Breast cancer is the second major cause of death in women, coming in second only to lung cancer 
[1]. Cancerous breast cells multiply unrestrained, which is one of the most telling signs that something is 
wrong with your breasts. Until today, it has been impossible to stop the growth of breast cancer. Breast tissue 
tumors should be found as early as possible to maximize the chances of survival, as this disease accounts for 
roughly 15% of all cancer-related fatalities [2]. Tissue biopsies can be used to detect cancer in its earliest 
stages, increasing the possibility of a positive result.

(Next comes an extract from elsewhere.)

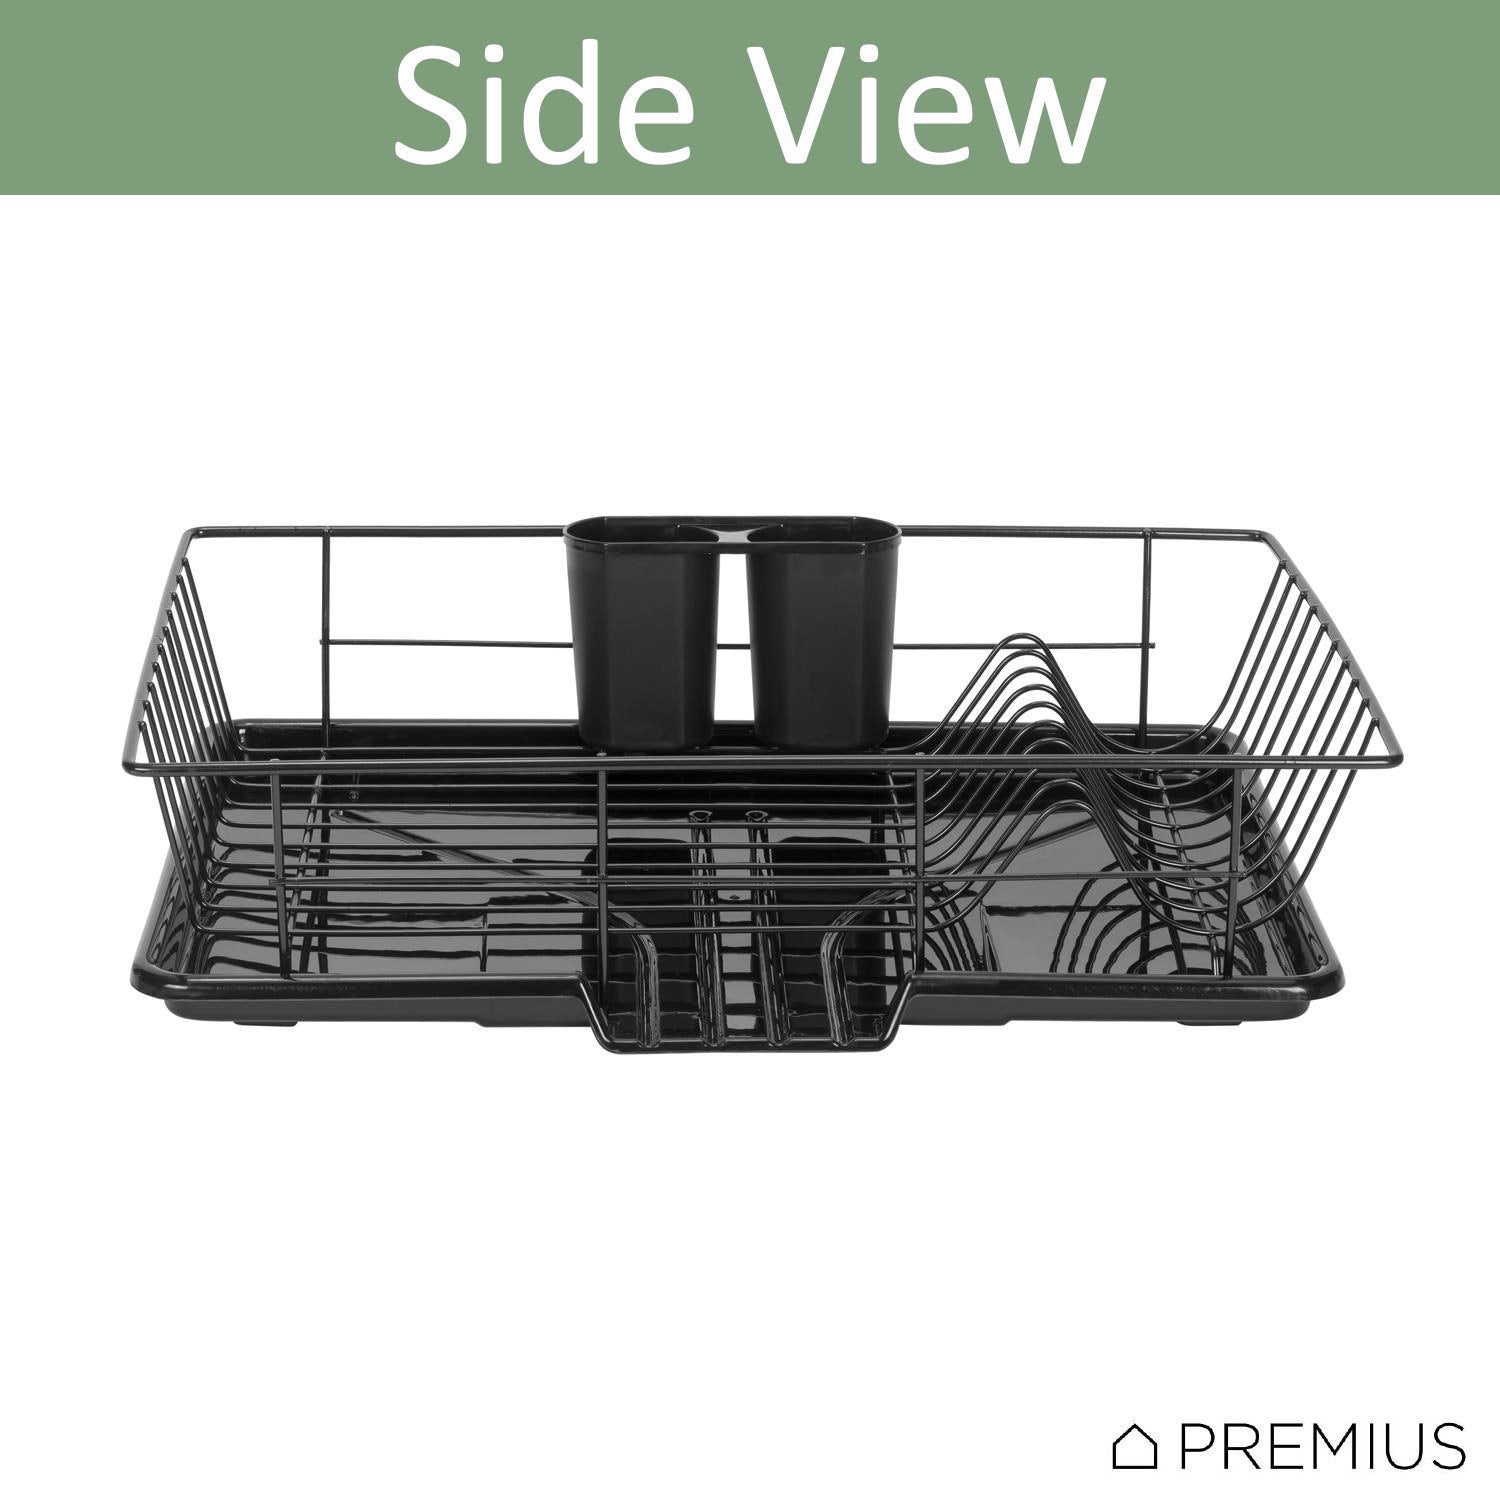 Premius 3-Piece Dish Drainer With Cutlery Holder, Black, 19x12x5 Inches

It is possible to identify this disease using various 
methods, including a biopsy, ultrasound, thermography, and fine-needle aspiration biopsies [3]. While 
mammography has been the primary mode of early detection, it is not always enough for doctors to conclude 
whether or not the patient has breast cancer [4], [5]. As a result, the detection rate is just (60-70)% accurate 
[6]. The patient will need to take additional testing, which is expensive and time-consuming [7]. 

A biopsy is the only effective method of determining if a woman has breast cancer [8]. A biopsy 
sample is obtained using specialized needle equipment using an imaging test such as X-rays or other imaging 
methods. A small metal marker may be inserted into the breast to facilitate future imaging examinations. 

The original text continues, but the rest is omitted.